Napsty / check_smart

Monitoring Plugin to check hard drives, solid state drives and NVMe drives using SMART
https://www.claudiokuenzler.com/monitoring-plugins/check_smart.php
GNU General Public License v3.0
67 stars 20 forks source link

Percent_Lifetime_Remain usage #81

Closed eLvErDe closed 2 years ago

eLvErDe commented 2 years ago

Hello,

I'm not sure to understand how to deal with Percent_Lifetime_Remain, it seems the threshold is working up side down:

./check_smart.pl --device=/dev/sdb --interface=megaraid,14 --selftest --ssd-lifetime --warn Percent_Lifetime_Remain=2
WARNING: Drive  CT120BX300SSD1 S/N 1745E10657F2:  Percent_Lifetime_Remain is non-zero (4), |Raw_Read_Error_Rate=0 Reallocate_NAND_Blk_Cnt=0 Power_On_Hours=31882 Power_Cycle_Count=201 Program_Fail_Count=0 Erase_Fail_Count=0 Ave_Block-Erase_Count=137 Unexpect_Power_Loss_Ct=89 Unused_Reserve_NAND_Blk=44 SATA_Interfac_Downshift=0 Error_Correction_Count=0 Reported_Uncorrect=0 Temperature_Celsius=24 Reallocated_Event_Count=0 Current_Pending_ECC_Cnt=0 Offline_Uncorrectable=0 UDMA_CRC_Error_Count=154 Percent_Lifetime_Remain=4 Write_Error_Rate=0 Success_RAIN_Recov_Cnt=0 Total_LBAs_Written=7218163800 Host_Program_Page_Count=85117225 FTL_Program_Page_Count=131236333
 ./check_smart.pl --device=/dev/sdb --interface=megaraid,14 --selftest --ssd-lifetime --warn Percent_Lifetime_Remain=10
OK: Drive  CT120BX300SSD1 S/N 1745E10657F2: no SMART errors detected.  Percent_Lifetime_Remain is non-zero (4) (but less than threshold 10)|Raw_Read_Error_Rate=0 Reallocate_NAND_Blk_Cnt=0 Power_On_Hours=31882 Power_Cycle_Count=201 Program_Fail_Count=0 Erase_Fail_Count=0 Ave_Block-Erase_Count=137 Unexpect_Power_Loss_Ct=89 Unused_Reserve_NAND_Blk=44 SATA_Interfac_Downshift=0 Error_Correction_Count=0 Reported_Uncorrect=0 Temperature_Celsius=24 Reallocated_Event_Count=0 Current_Pending_ECC_Cnt=0 Offline_Uncorrectable=0 UDMA_CRC_Error_Count=154 Percent_Lifetime_Remain=4 Write_Error_Rate=0 Success_RAIN_Recov_Cnt=0 Total_LBAs_Written=7218163800 Host_Program_Page_Count=85117225 FTL_Program_Page_Count=131236338

and it seems there's is no support for regular Nagios threshold using colon. Can you help me with that ?

Regards, Adam.

Napsty commented 2 years ago

Hi Adam

Take a look at article https://www.claudiokuenzler.com/blog/1077/when-is-solid-state-drive-ssd-dead-analysis-crucial-mx500-1tb. There's an example how the Percent_Lifetime_Remain is working. The name might be confusing in this situation because smartcl "translates" the raw values into increasing counters.

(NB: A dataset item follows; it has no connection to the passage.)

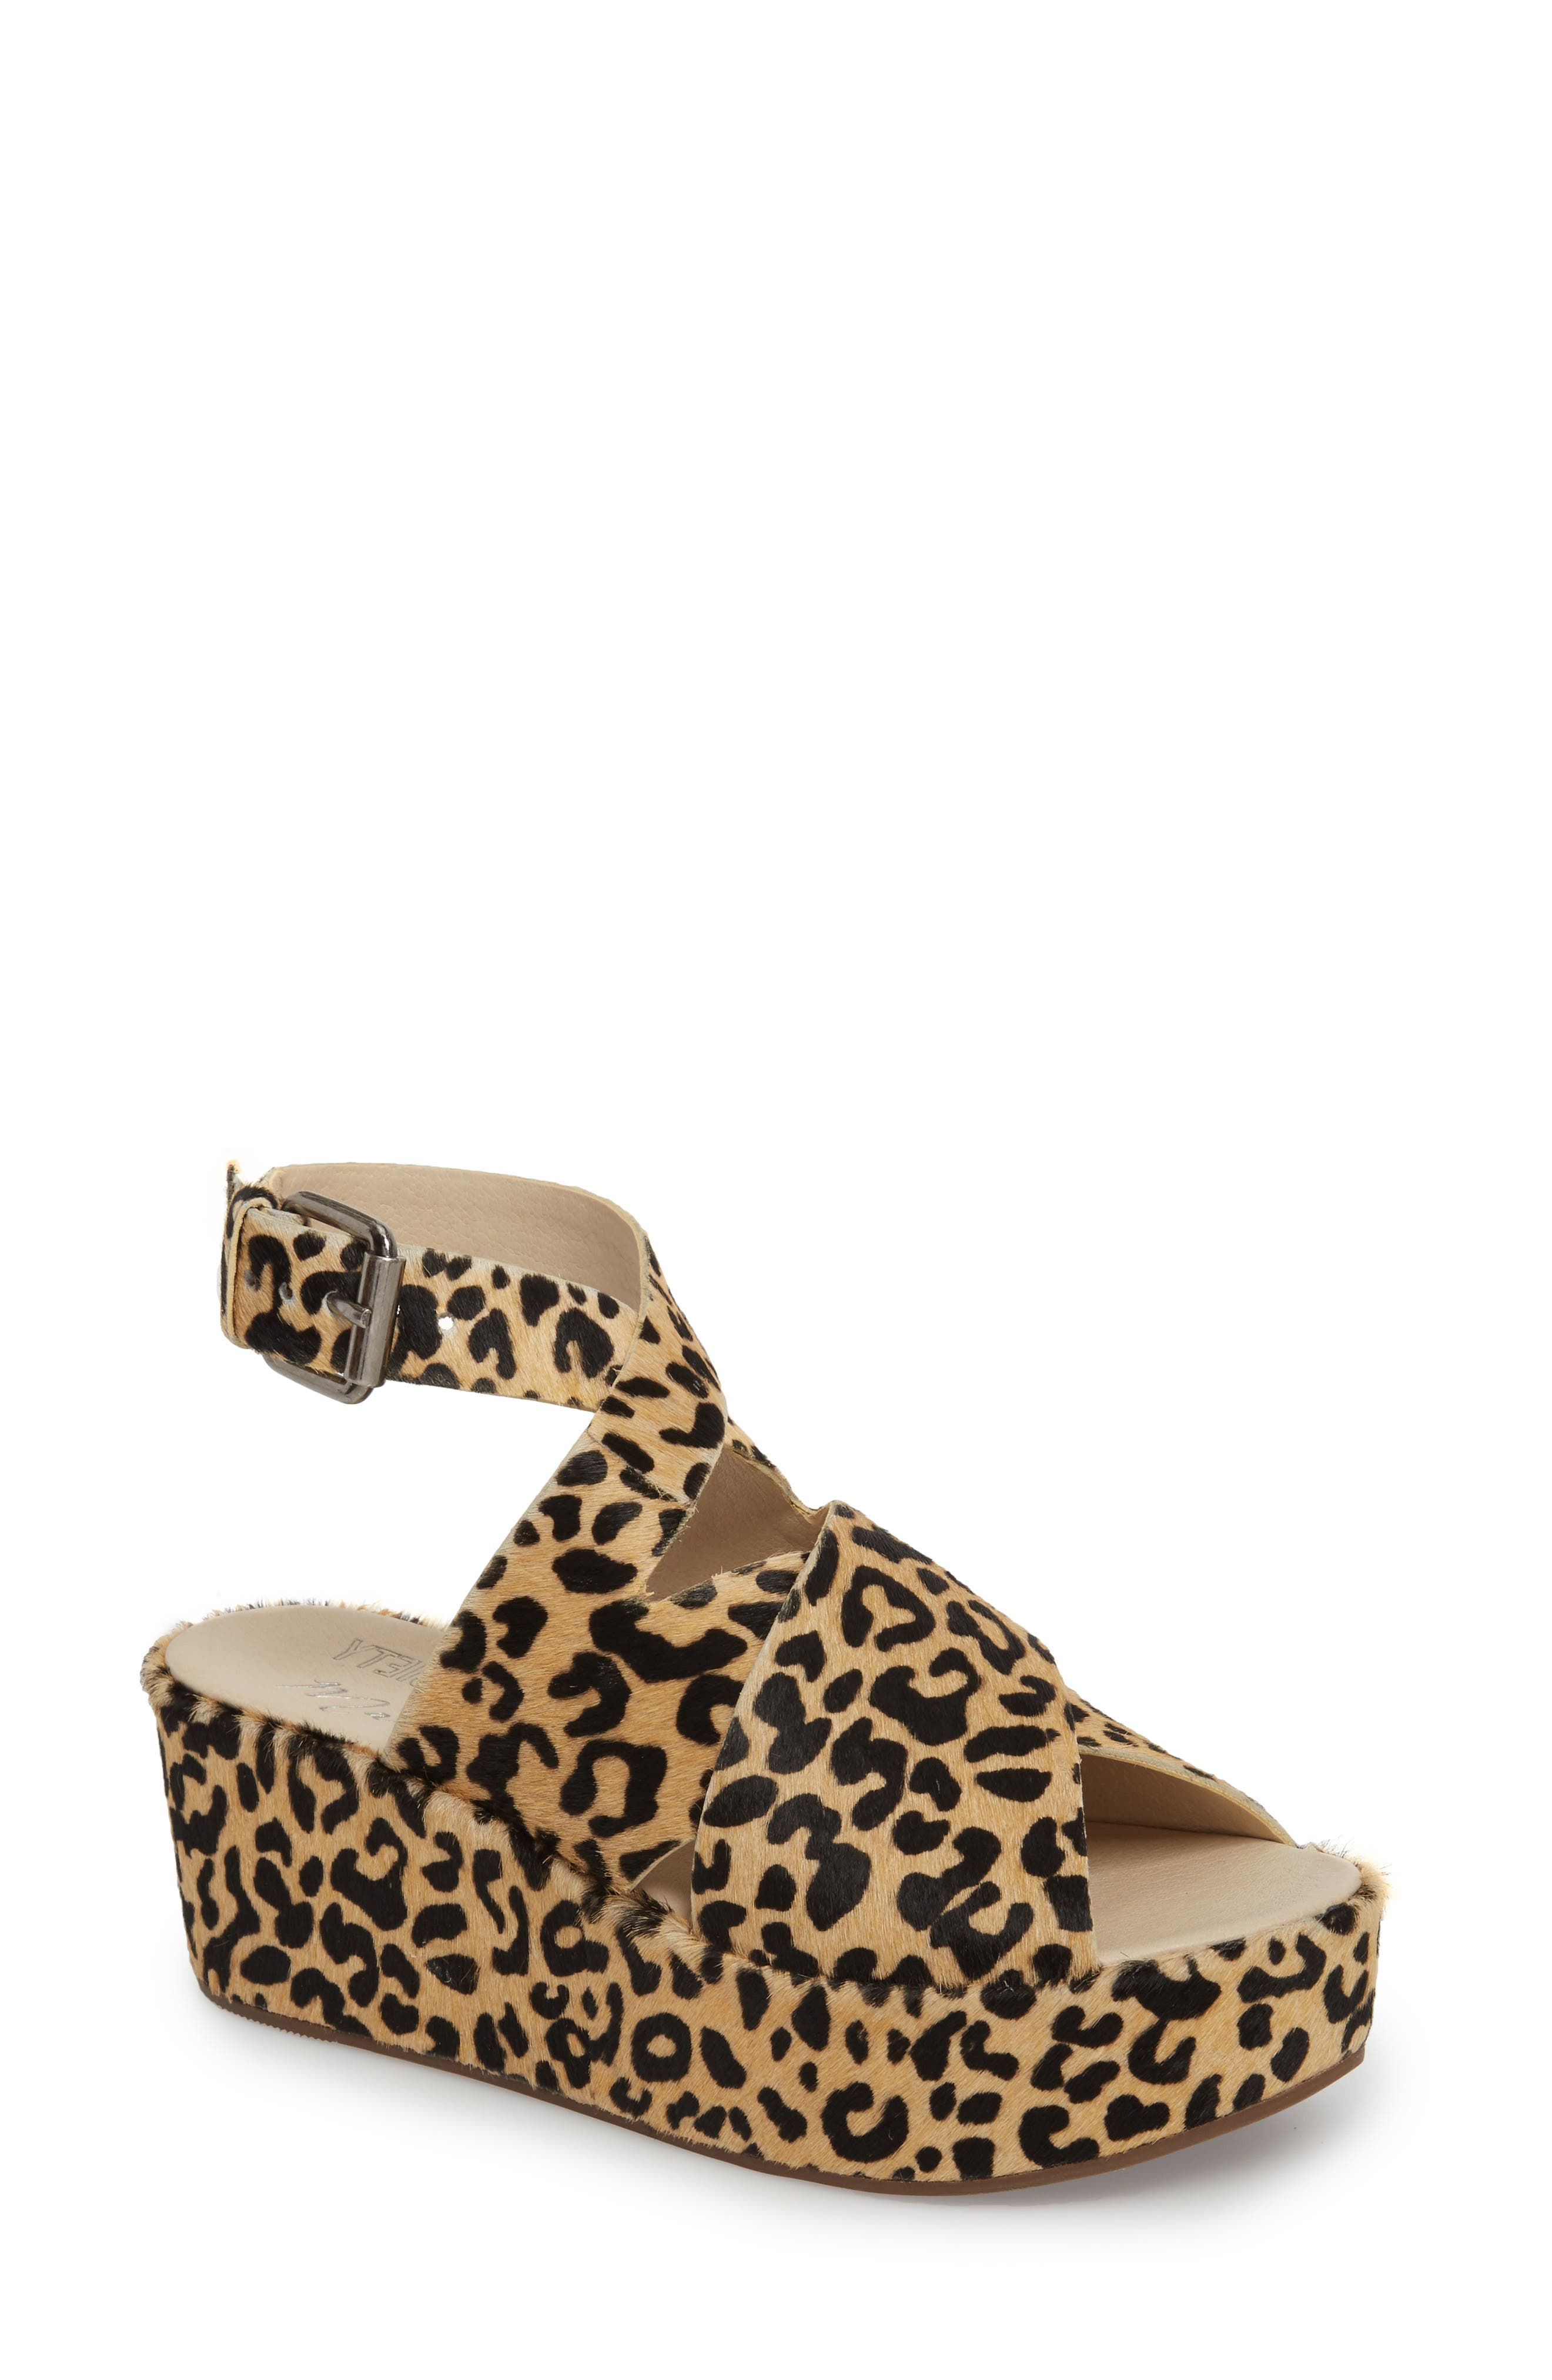 Amuse Society X Matisse Runaway Wedge Sandal

You want to set a warning threshold to a higher value, for example 90. That's what the -l parameter does in the background (adds Percent_Lifetime_Remain=90 to the warning list).

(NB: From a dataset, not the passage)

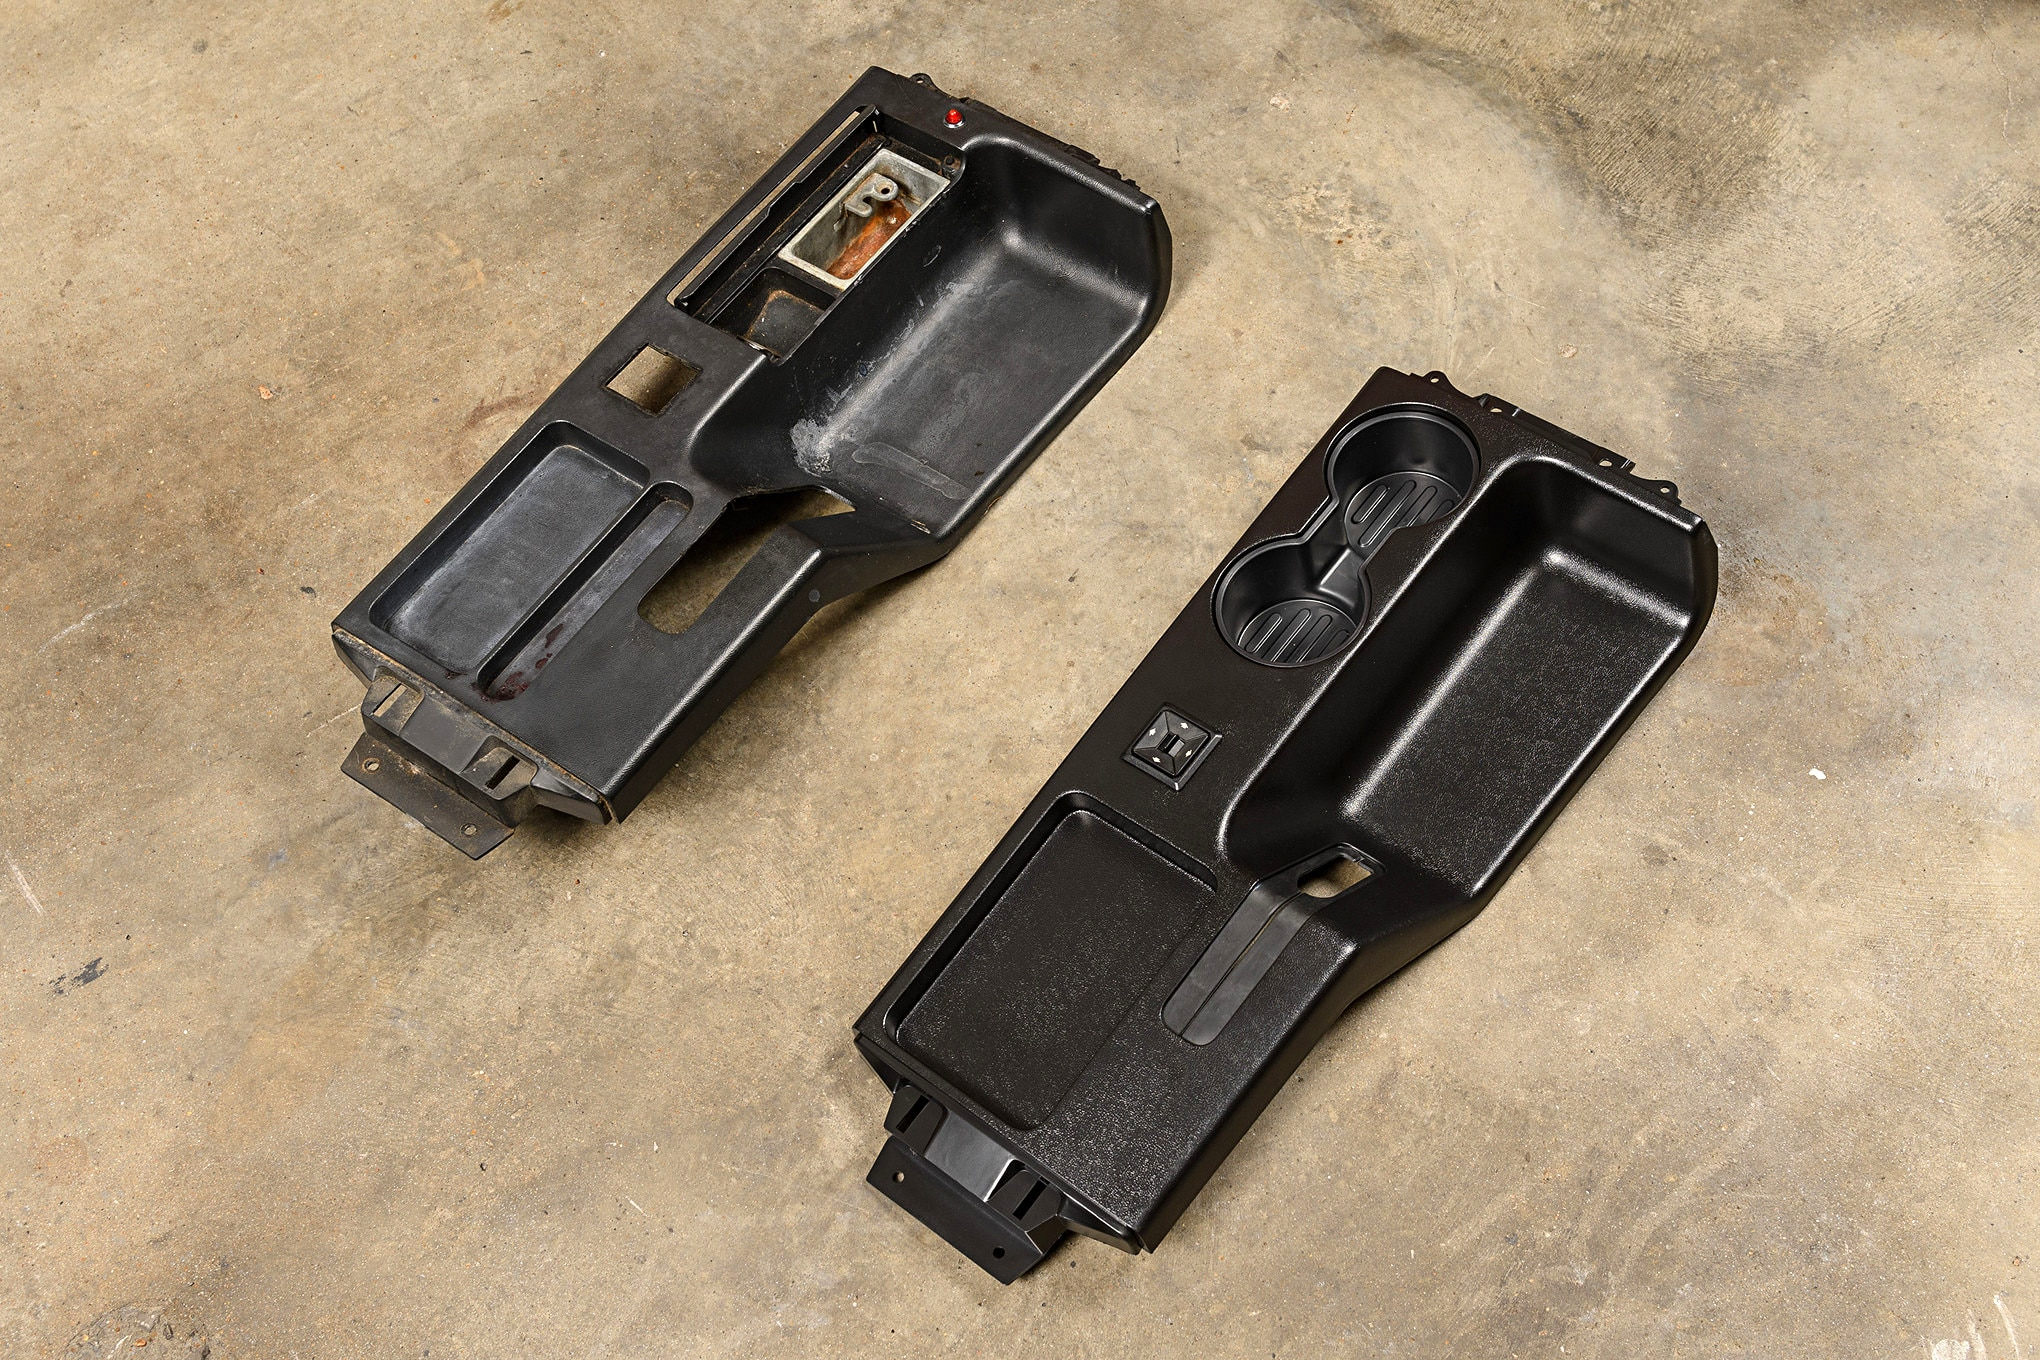 017 Mustang Center Console Lmr Comparison

Note that this attribute only seems to exist on Crucial SSD drives.

eLvErDe commented 2 years ago

Oh, okay so it's working reverse actually, you should write this down somewhere ;) So basically with this attribute being 4 the SSD is still brand new

Napsty commented 2 years ago

It's actually somewhere documented in Smartmontools (that the counters are all counting up) but I will add some more info in the documentation, thanks for the hint. Additional information can also be found here: https://www.claudiokuenzler.com/blog/1056/check-smart-6.9.0-pci-device-name-percent-lifetime-remain-ssd-attribute

Yes, value 4 indicates a fairly new drive.

eLvErDe commented 2 years ago

Thanks a lot for all details and for this great check :)

Napsty commented 2 years ago

Documentation on https://www.claudiokuenzler.com/monitoring-plugins/check_smart.php updated.